Personhood before pregnancy in North Dakota, Memphis pastor shames unwed parents, anti-choice groups are silent on the "forcible rape" bill, and Georgia looks to follow Nebraska on fetal pain.

  • North Dakota is looking at an egg-as-person bill this legislative session. A lawmaker describing the bill said, "It defines a human being as, basically, from conception on, as what we define in code as a human being, and because of that, then, it`s afforded the same protections that any other person is afforded in the State of North Dakota." A spokesperson from North Dakota Right to Life said, "If we can establish that they`re a person before pregnancy, and they`re a person after pregnancy, then it seems, well, it offends reason to say that they`re not a person during that pregnancy." Back that train up. A person BEFORE pregnancy? Are we talking about the woman? No, sadly, he’s talking about a blastocyst. How is it a person before it even exists?

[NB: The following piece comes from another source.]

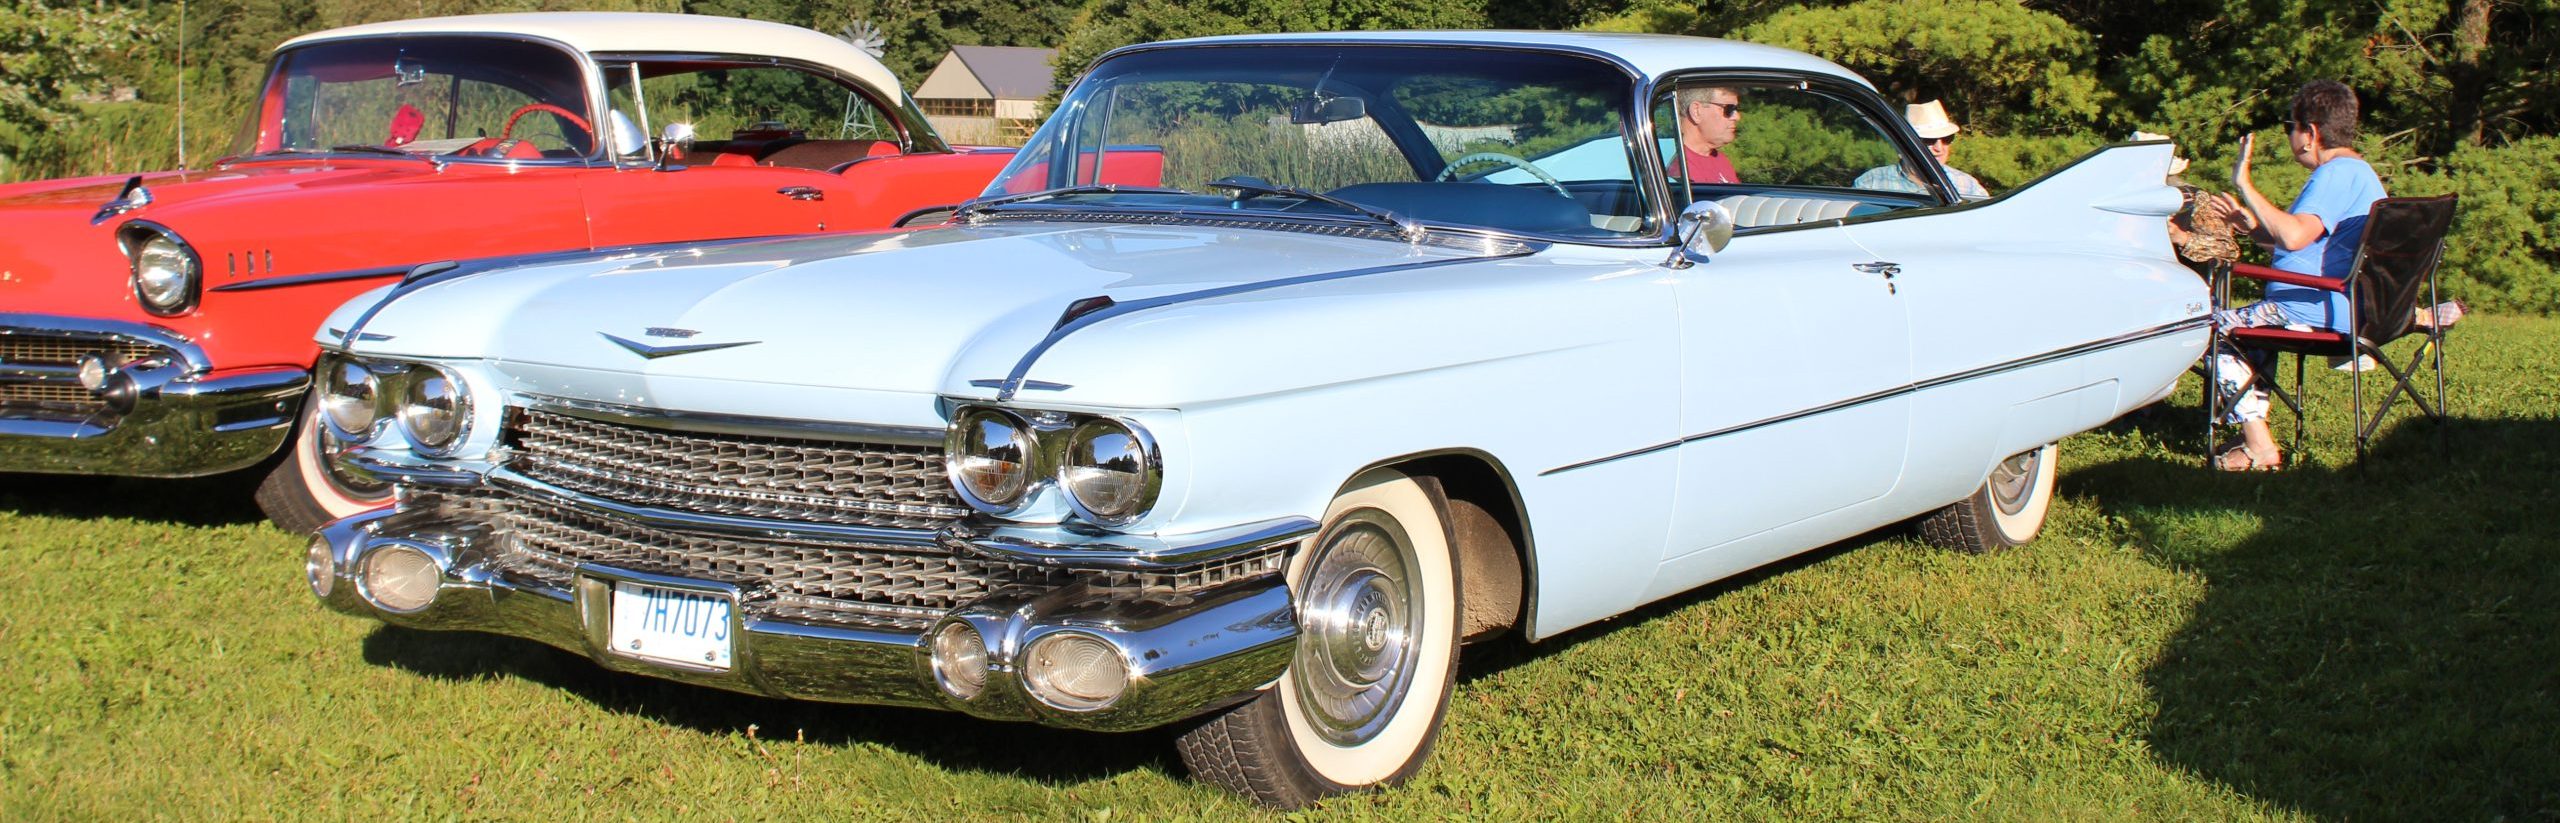 1959 Cadillac Coupe de Ville – Sam Cuttell

  • A Memphis pastor is responding to high rates of teen and unwed pregnancies in the local area with love and compassion. Oh, wait. No he’s not. He’s actually refusing to baptize babies in the church unless the parents are married. He says he’ll baptize the children elsewhere. He says he wants fathers to “step up” and marry the mothers, because clearly that is always the best answer.
  • Yesterday we reported on a quote from Rep. Dan Lipinski (D-IL), the only sponsor of the “No Taxpayer Funding for Abortion Act” who was willing to speak up about the “forcible rape” provision in the bill. Well, he didn’t say much. Talking Points Memo tried to reach out to “National Right To Life, the U.S. Conference of Catholic Bishops, Americans United For Life, the Susan B. Anthony List and the Abstinence Clearinghouse” – and all the groups either didn’t respond or had no comment. SBA List said they’d respond later. I’m picturing them all behind closed doors, panicking.
  • A Georgia legislator has introduced a bill banning abortion after 20 weeks because of “fetal pain,” and says he modeled the legislation after Nebraska’s law of the same nature.